- Aim of the exercise -
Return every line below as is, leaving out the pictures.

- Supplied data -
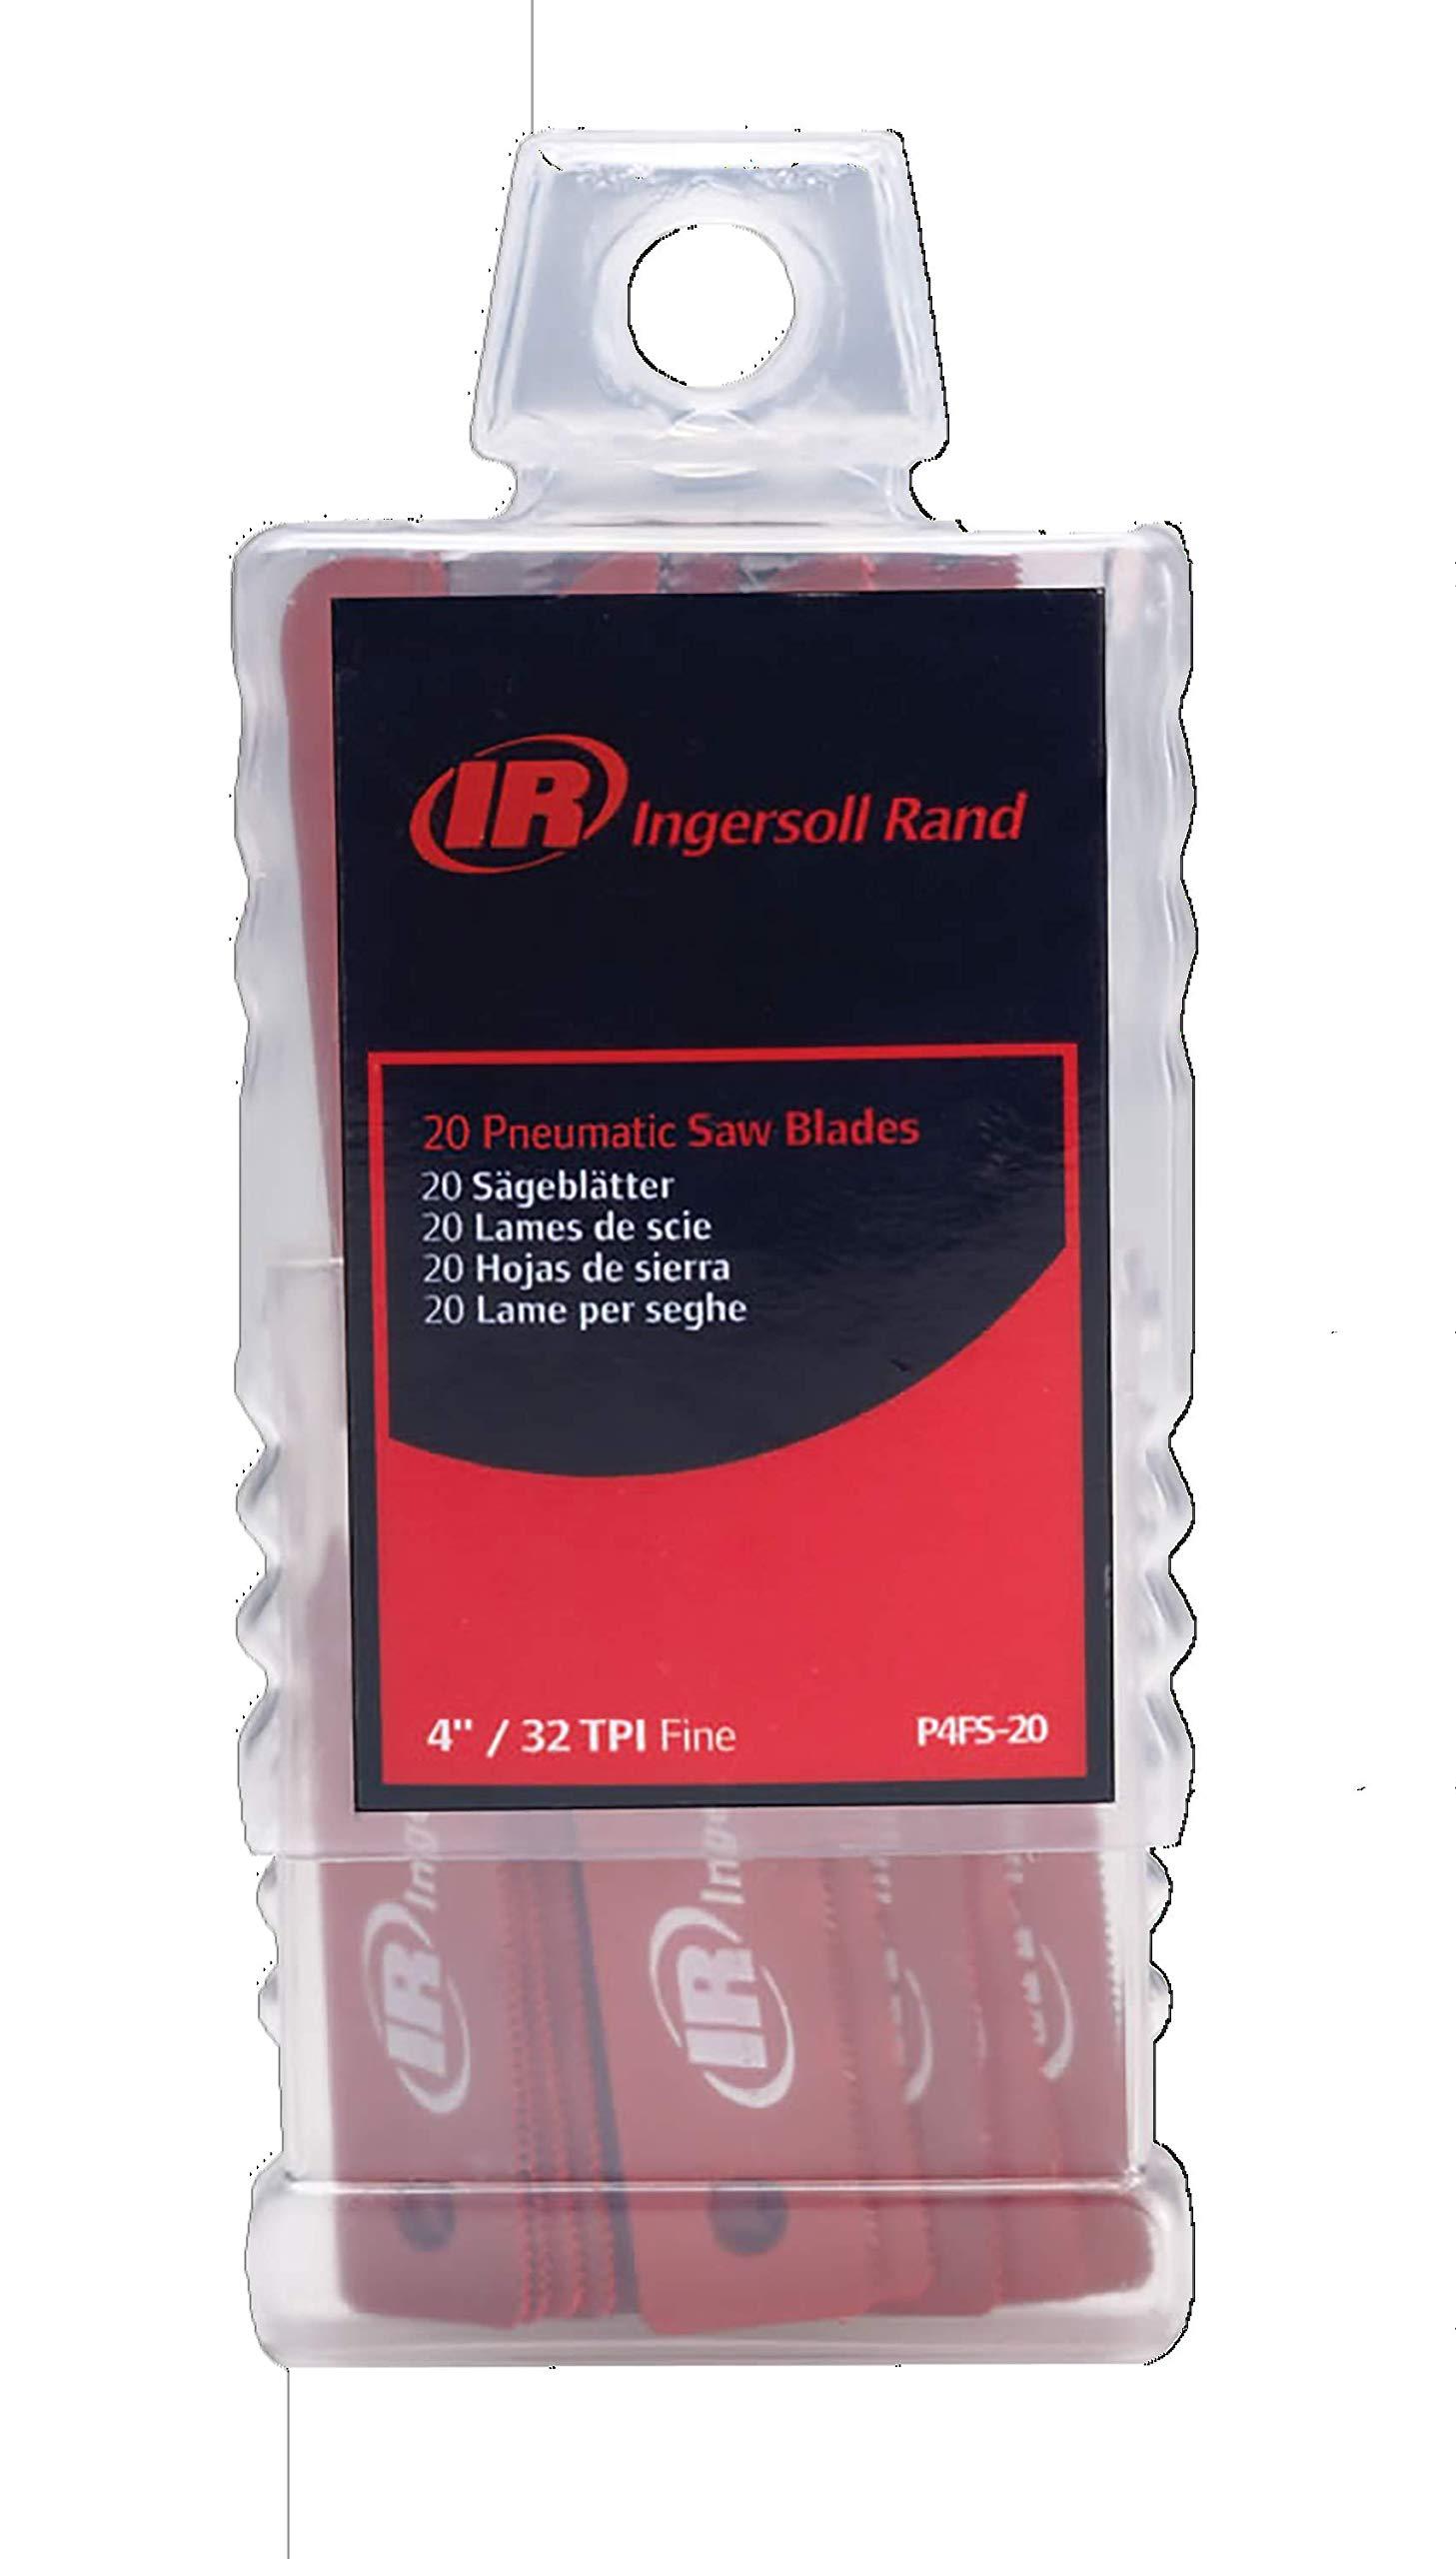 Ingersoll Rand P4FS-20 Air Reciprocating Saw Blades for all standard shank air reciprocating saws by Ingersoll Rand
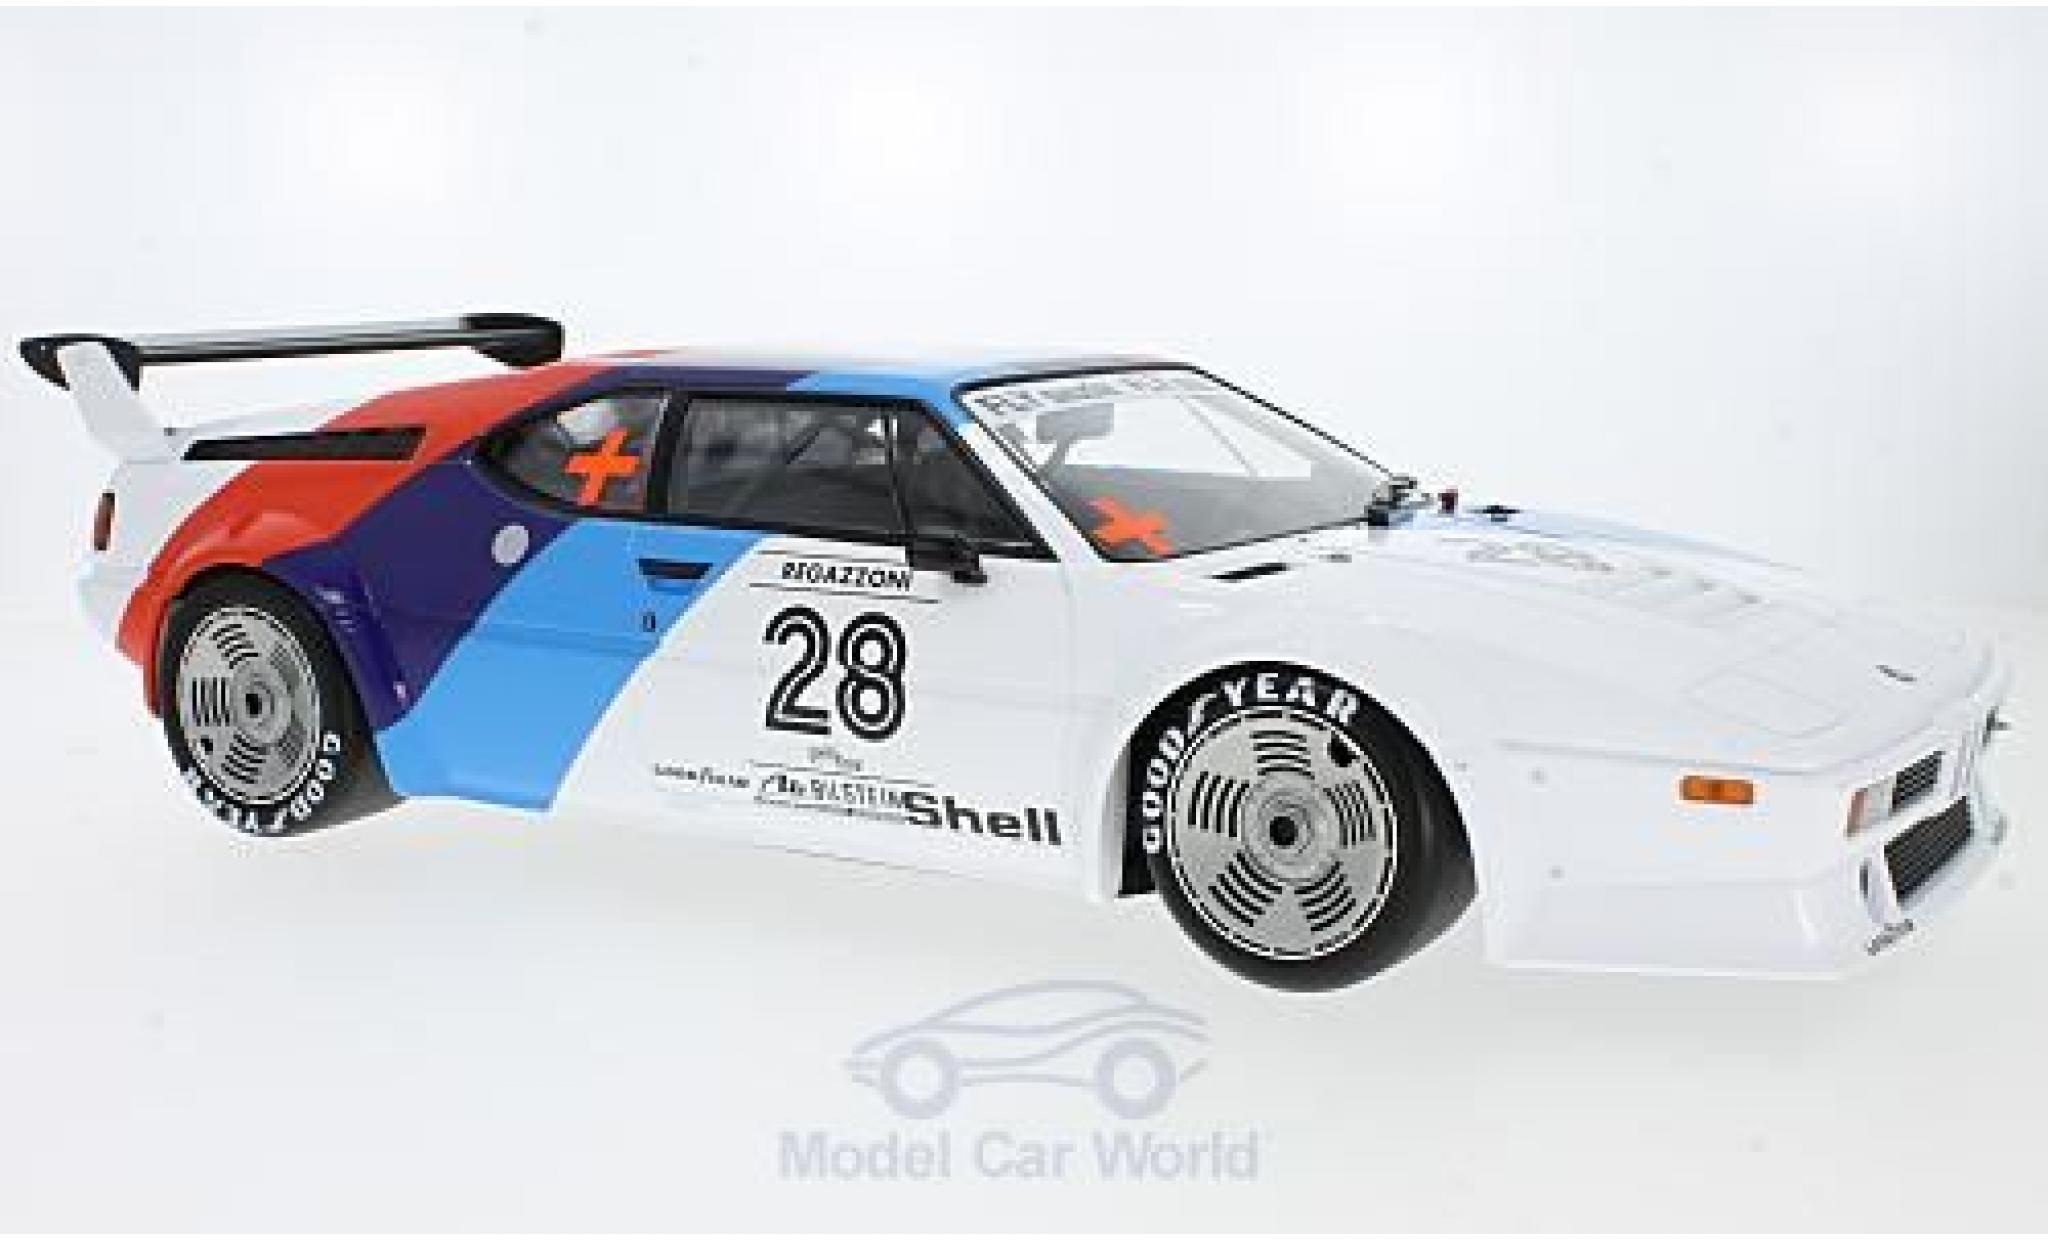 Bmw M1 1979 1/12 Minichamps BMW Procar No.28 BMW Motorsport Procar 1979 C.Regazzoni
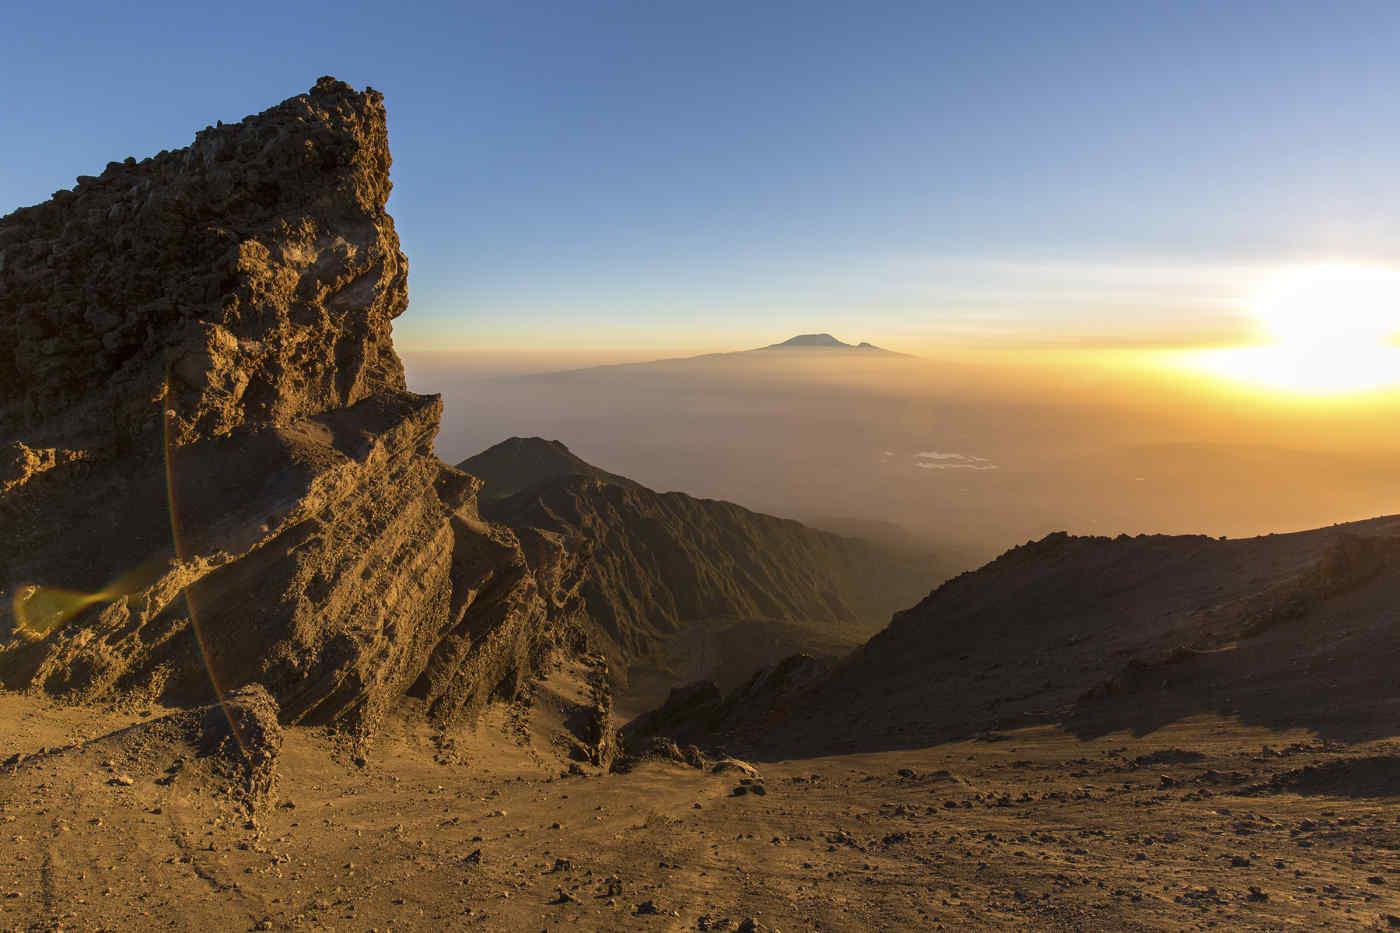 Mount Meru and Mount Kilimanjaro, Tanzania

- Task answer -
 Ingersoll Rand P4FS-20 Air Reciprocating Saw Blades for all standard shank air reciprocating saws by Ingersoll Rand
 Bmw M1 1979 1/12 Minichamps BMW Procar No.28 BMW Motorsport Procar 1979 C.Regazzoni
 Mount Meru and Mount Kilimanjaro, Tanzania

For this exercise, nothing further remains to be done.